Hoy, con base en ese criterio abierto, aquí se expulsa a una edil por la concesión de un contrato que todos afirman que es legal y lícito. Pero, a la vez, quienes así actúan amparados, dicen, en la ética, guardan silencio ante un hecho similar, según la prensa, de otra edil de su misma formación que, al parecer también conformó contratos con próximos y deducen denuncias ante la Justicia en otros casos similares calificando lo ético a veces y no ético en otras, como delito. Una ética, se ve, tan relativa, como instrumental, que pone bajo sospecha la moral que se dice ejercer y advierte del riesgo de este criterio para regir la vida política cuando quienes han de administrarla no exponen los criterios previamente y mucho menos se sujetan a ellos en toda ocasión.

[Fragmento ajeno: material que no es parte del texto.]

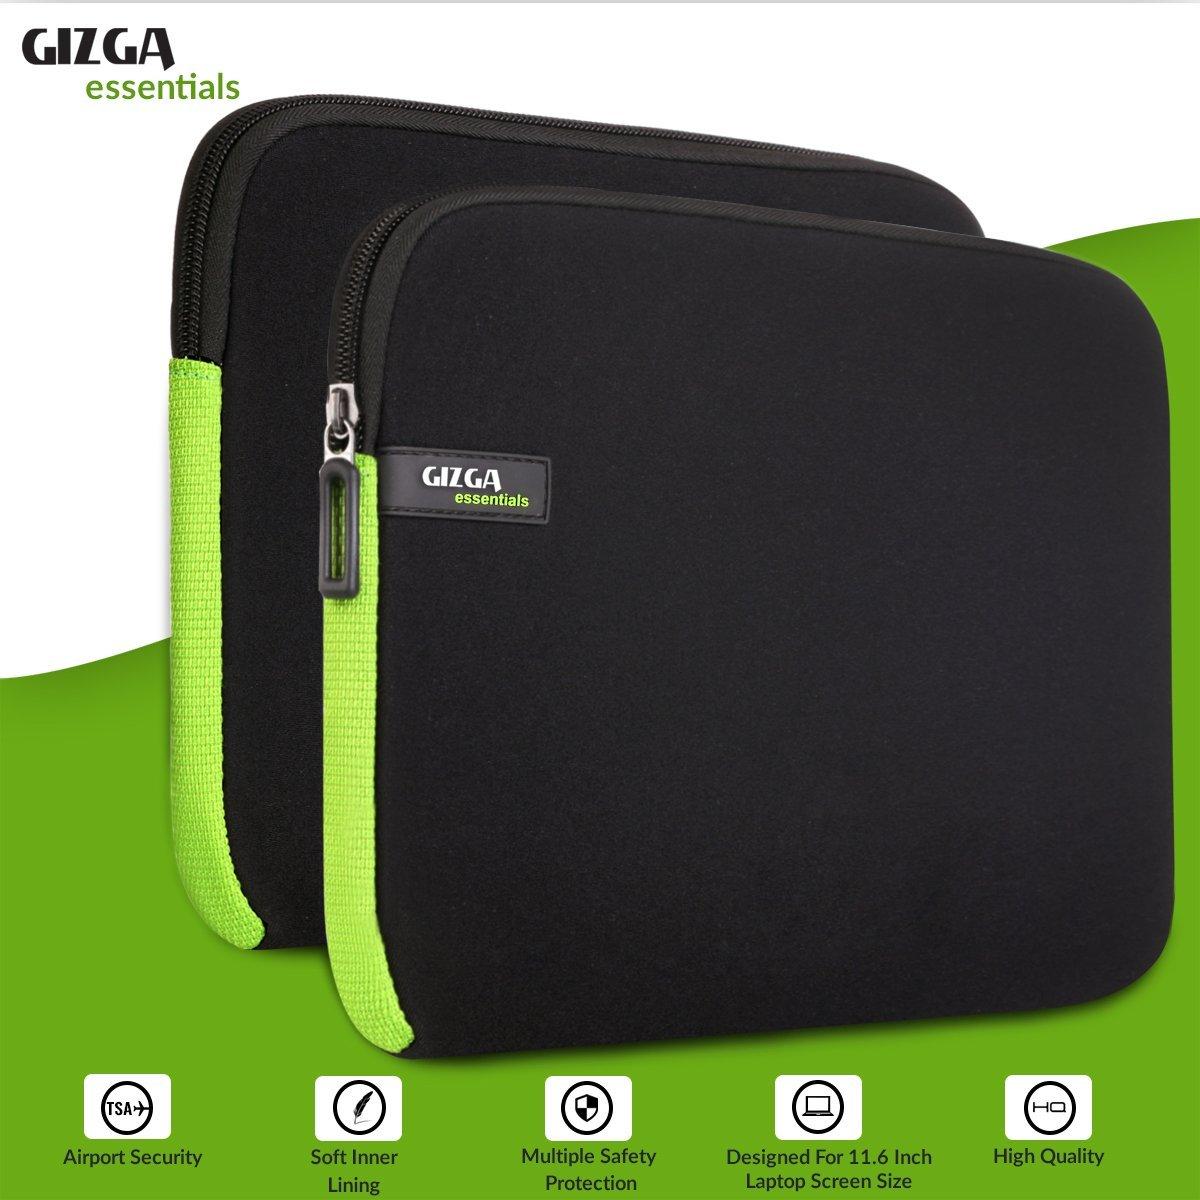 GIZGA 11 a 11,6 Pulgadas Funda protectora para portátiles / Funda de neopreno/ Neopreno del portátil / Funda para portátil / Funda neopreno portatil / Funda ...

Lo legal es tan claro y obvio, como objetivo o, al menos, más controlable por terceros que la llamada a una difusa convicción en valores que se manosean sin saber bien qué fin se esconde tras tanto diletante y sus actos. En un Estado de Derecho, convendría acomodar lo legal a lo ético, la ética de la ley y de los principios normativizados y constitucionalizados una vez se expresan en reglas positivas. Fuera de ahí, todo es inseguridad, política de cortos vuelos, intereses ajenos al bien común o supeditados a los más particulares, especialmente los que imperan en el seno de las organizaciones políticas, duros y feroces cuando de dilapidar al contrincante se trata.

Como dije hace días, si el contrato suscrito por la concejalía de Belmonte era legal, todo lo demás es cuanto menos sospechoso en su raíz virtuosa, máxime cuando el embudo se abre o cierra según el afectado. Si ese contrato era legal y, se presume, beneficioso para el interés común, no cabe aceptar el desistimiento, poco voluntario, forzado, impuesto incluso. Otra cosa es que no fuera legal, en cuyo caso estamos a la espera de que el mismo Ayuntamiento, tan dado a acudir a los tribunales en casos precedentes, haga lo debido y coherente con su discurso. No cabe una cosa y la contraria. Aunque todo esto explique mejor que nada el significado de la ética política para los que confíen en ella.

No basta con un cese. Es ineludible explicar si el contrato suscrito y ahora rescindido era legal, ilícito o simplemente irregular. Y si lo fue, motivar las razones por las cuales algo favorable al interés general se ha visto anulado anteponiendo criterios de aparente ética o, en su caso, políticos o de partido. Todo lo demás es iniciar un camino tan peligroso como incierto e inseguro.

La ética, demostradamente elástica, puede servir para ocultar fines poco confesables en cualquier situación, para arruinar la reputación de cualquiera, para atacar su nombre y fama. La sublimación aparente de la política puede traducirse en un instrumento adicional de perversión de sus fines en manos de quienes la gestionan. Salvo que seamos tan ingenuos que lleguemos a creernos de verdad que es la ética la que mueve la política.